◆ What to do
Reproduce every line of the material below, but drop the pictures.

◆ Data section
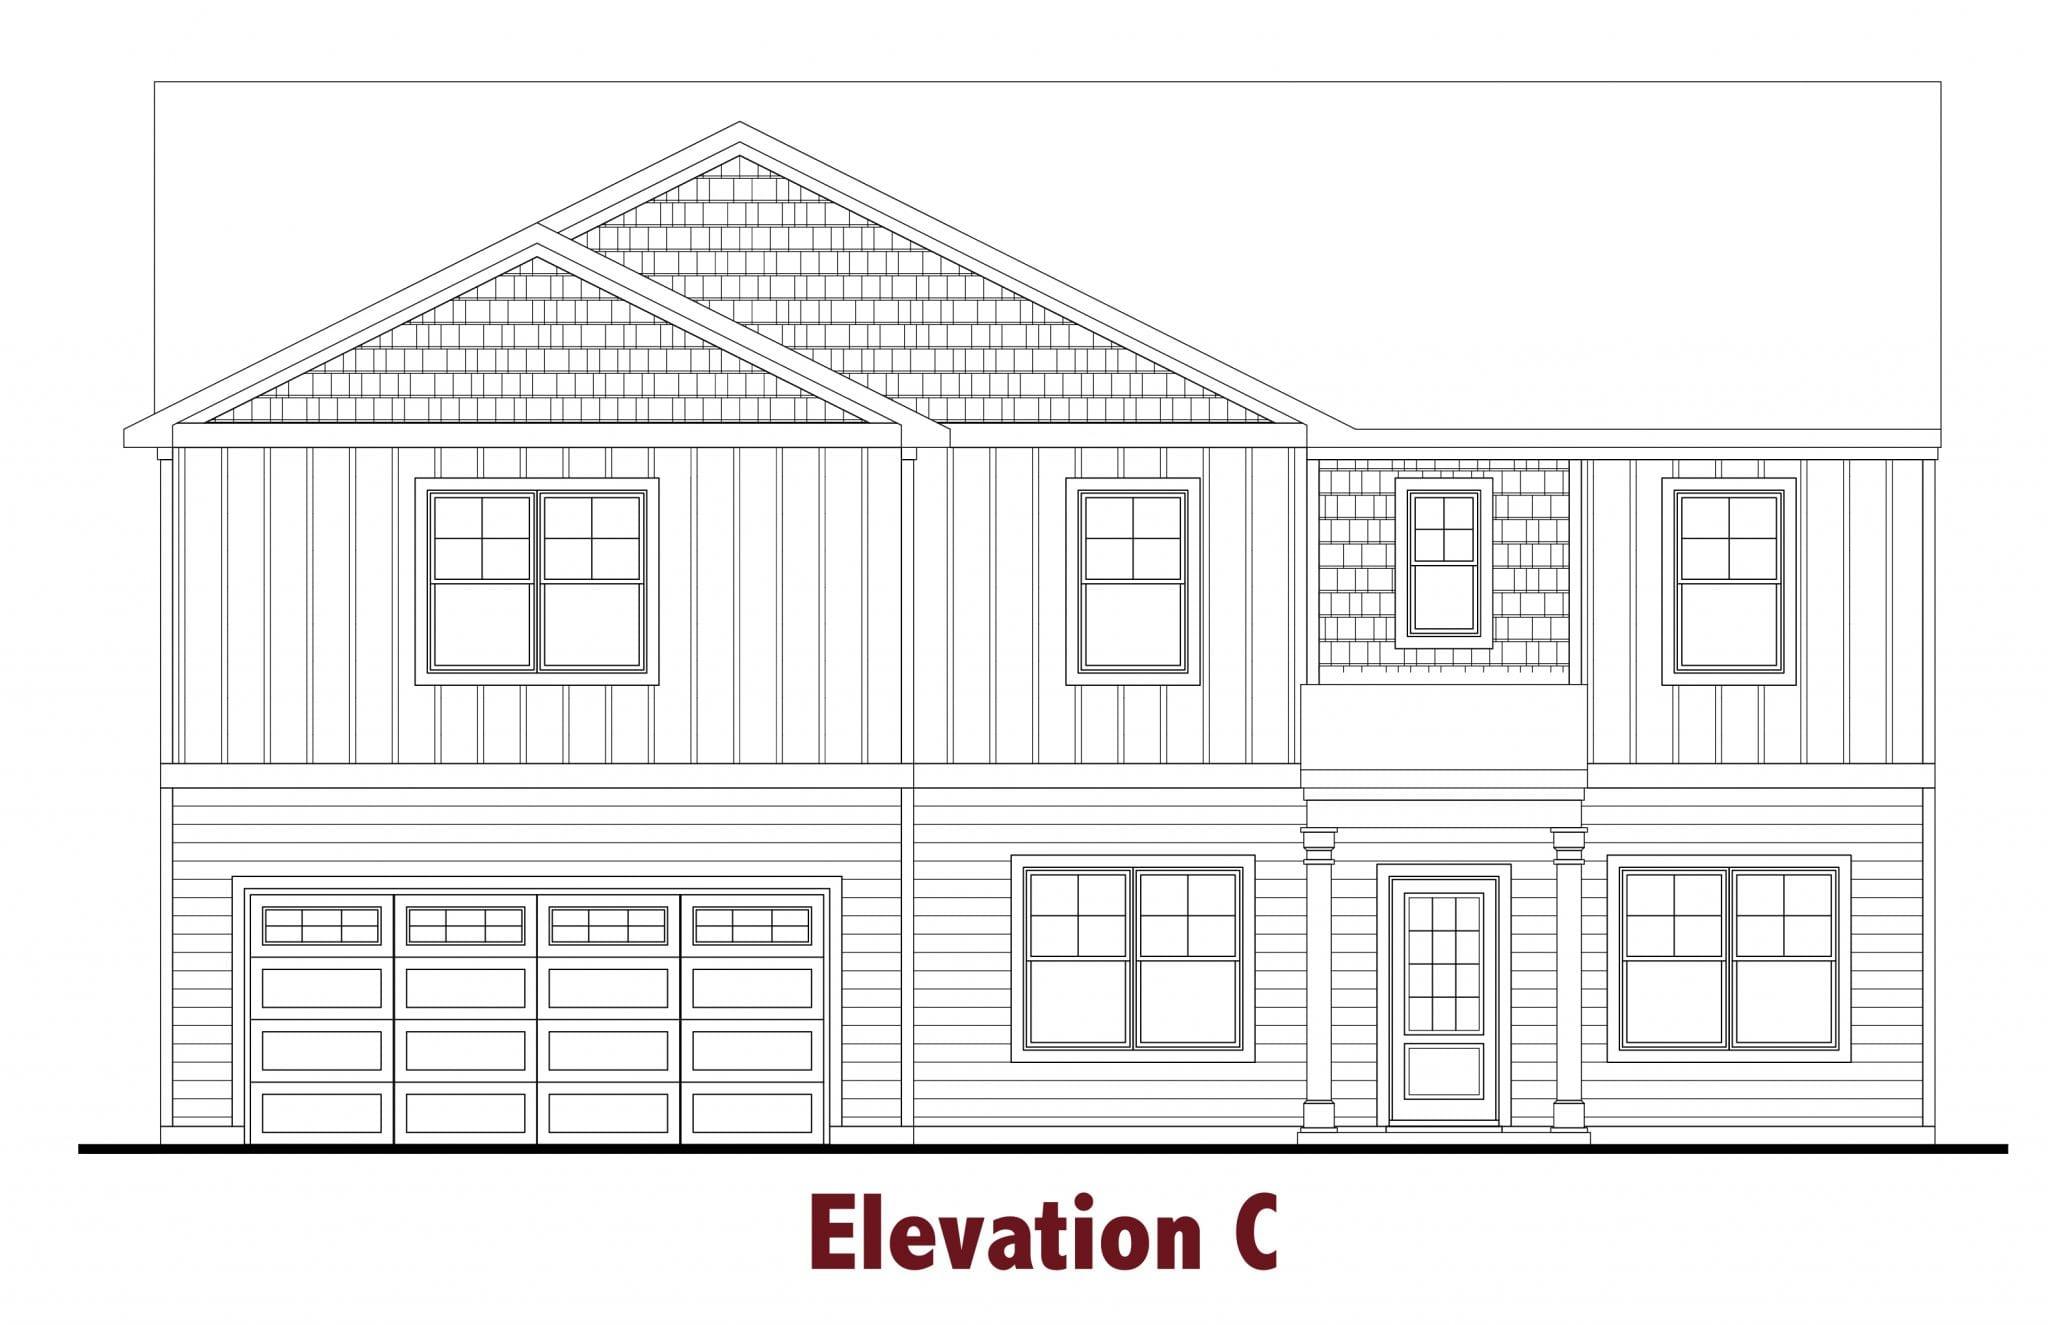 Richmond elevations Image
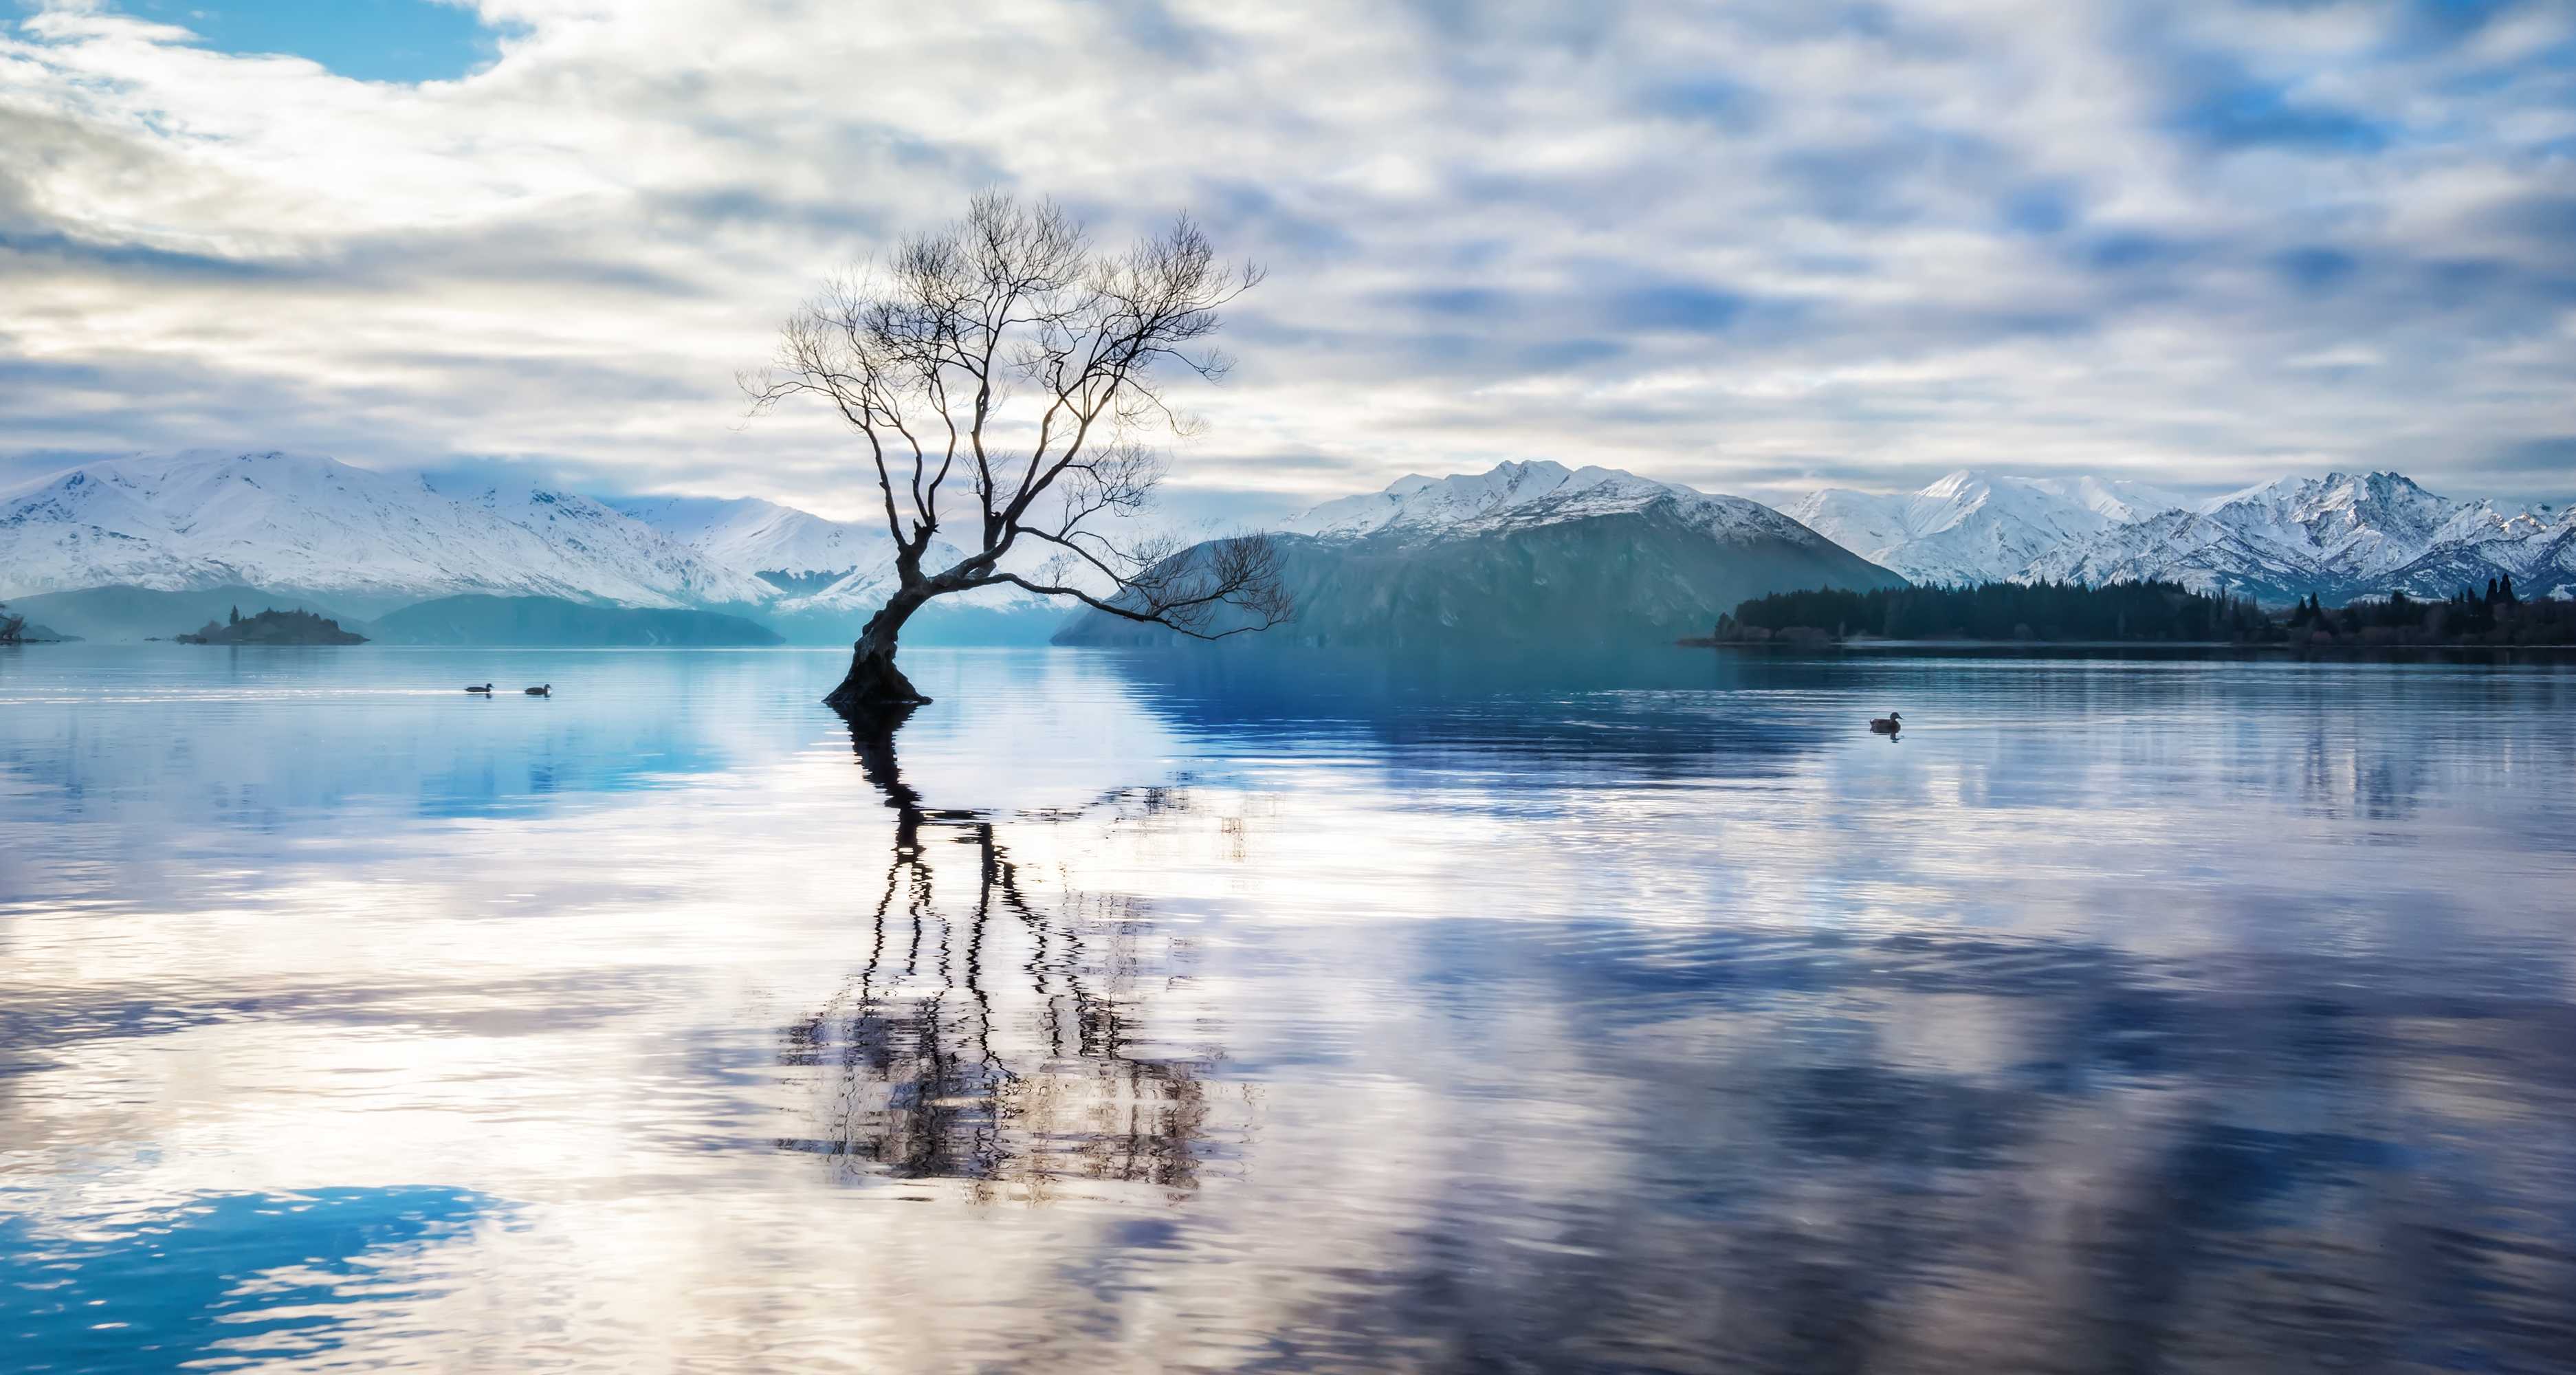 Lake Landscape Lonely Tree Mountain Reflection Tree 3747x2000
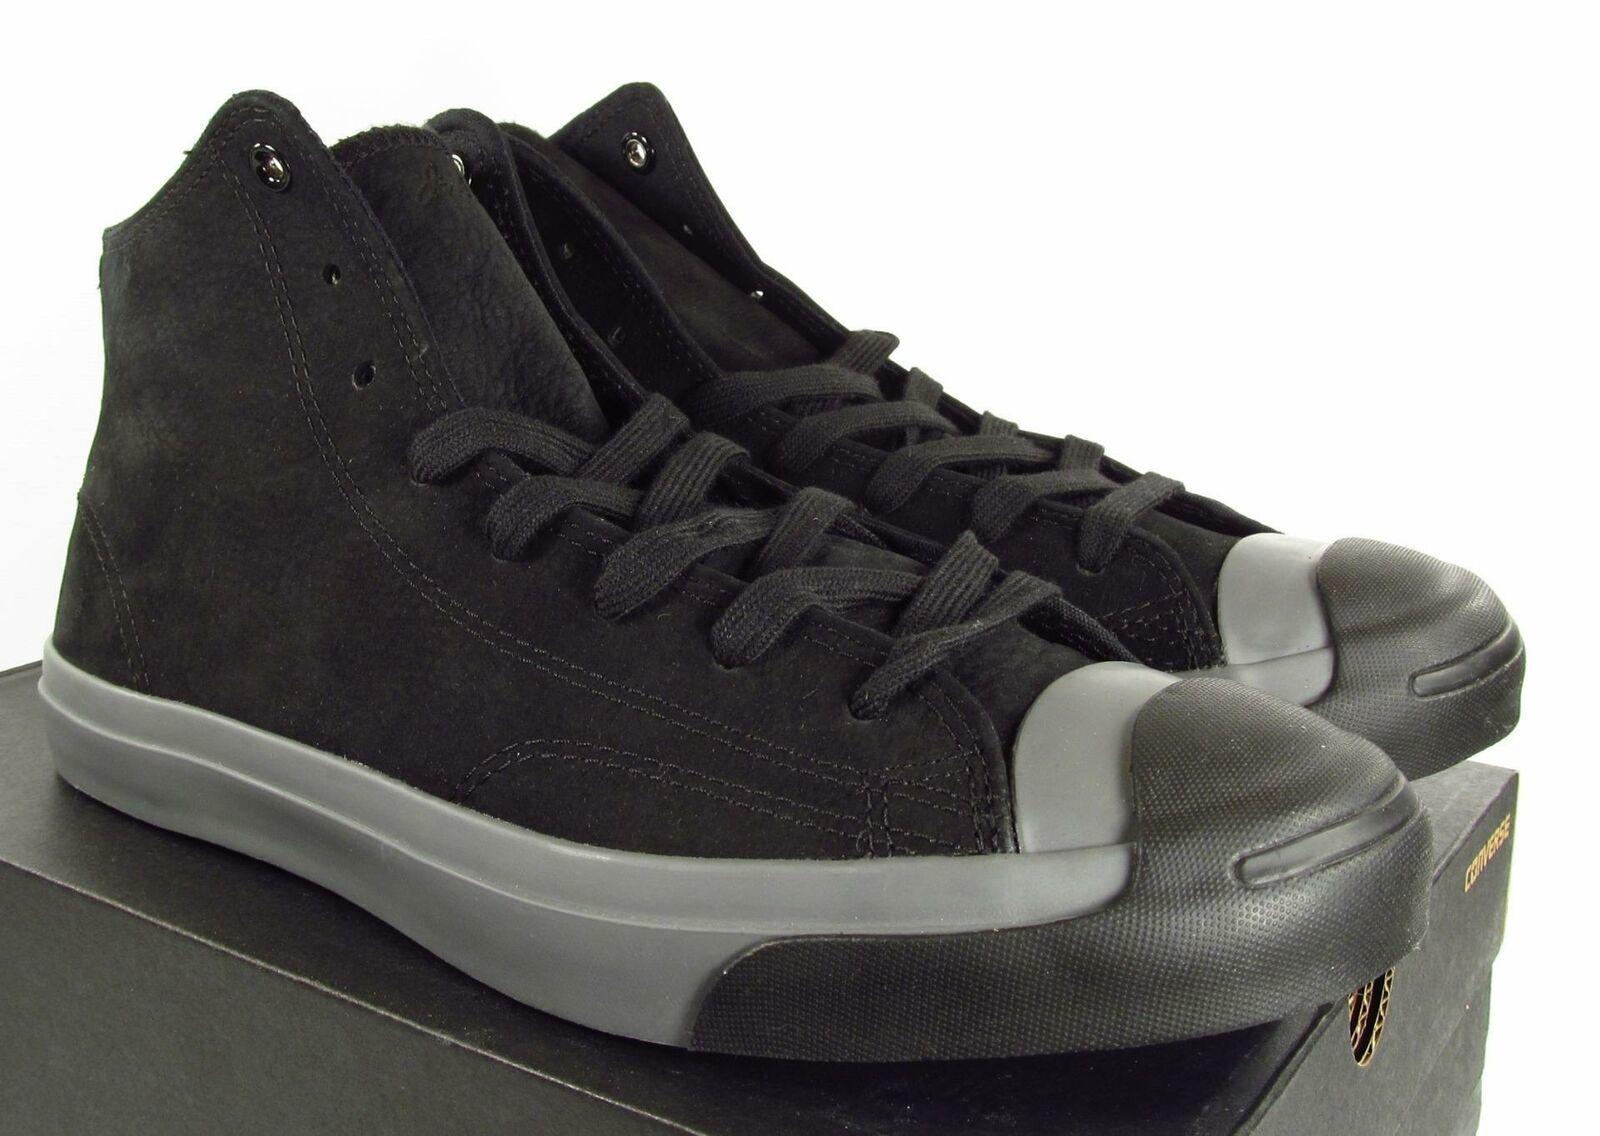 Converse Jack Purcell JP JACK MID Black Suede Leather 149924C (Men's 10.5)
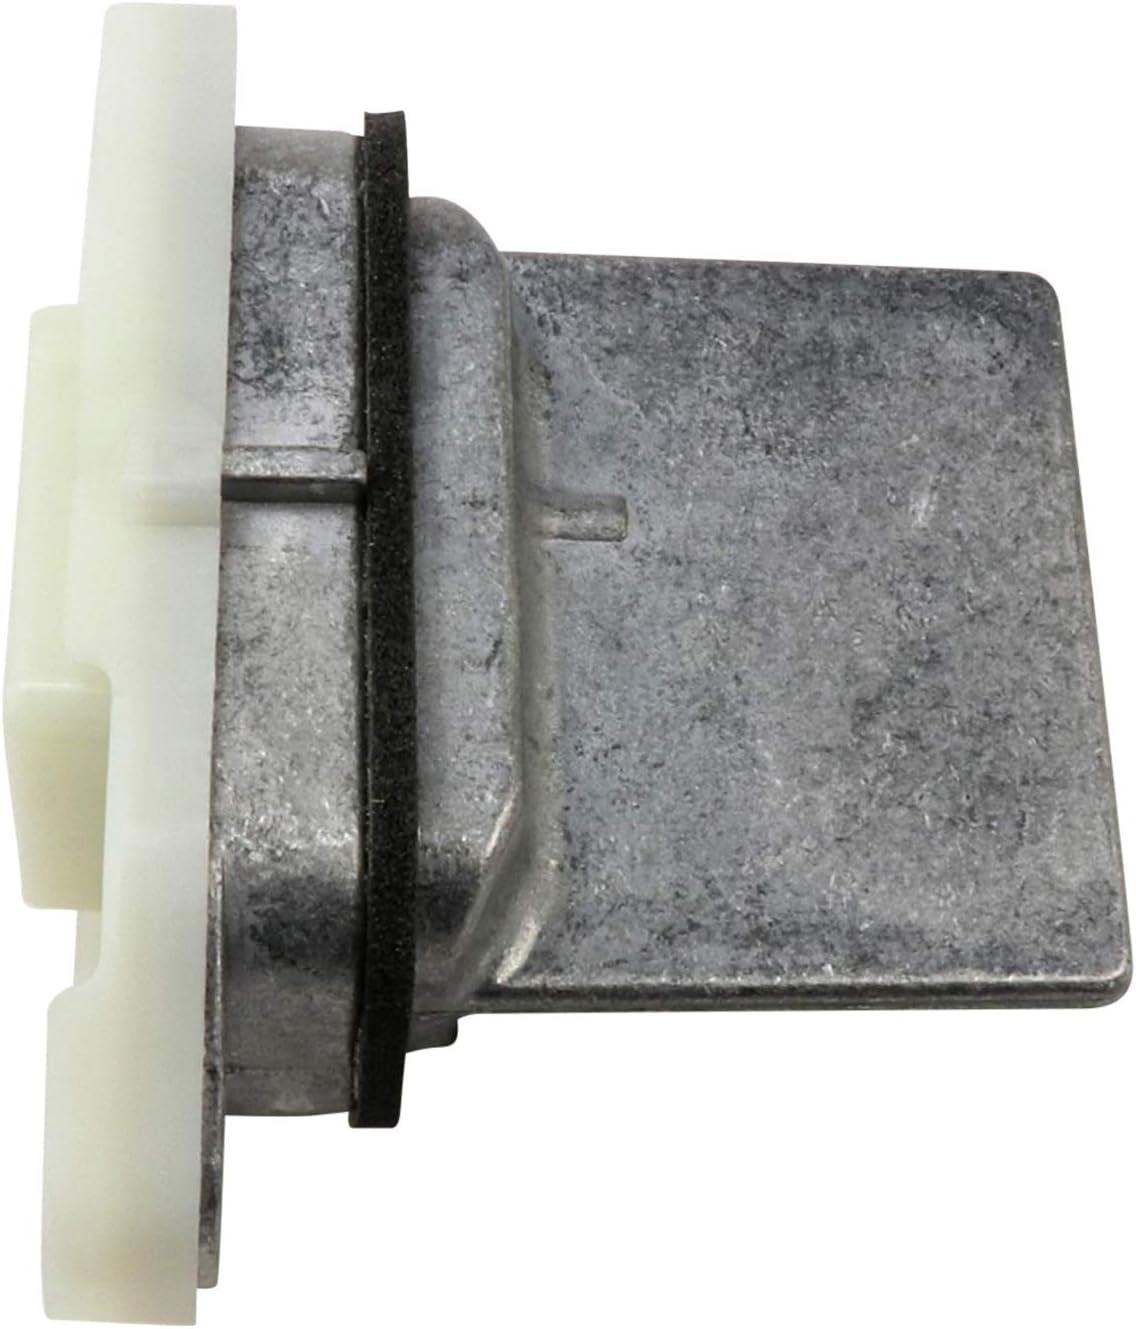 BECKARNLEY 204-0086 Blower Motor Resistor

◆ Output for this task
 Richmond elevations Image
 Lake Landscape Lonely Tree Mountain Reflection Tree 3747x2000
 Converse Jack Purcell JP JACK MID Black Suede Leather 149924C (Men's 10.5)
 BECKARNLEY 204-0086 Blower Motor Resistor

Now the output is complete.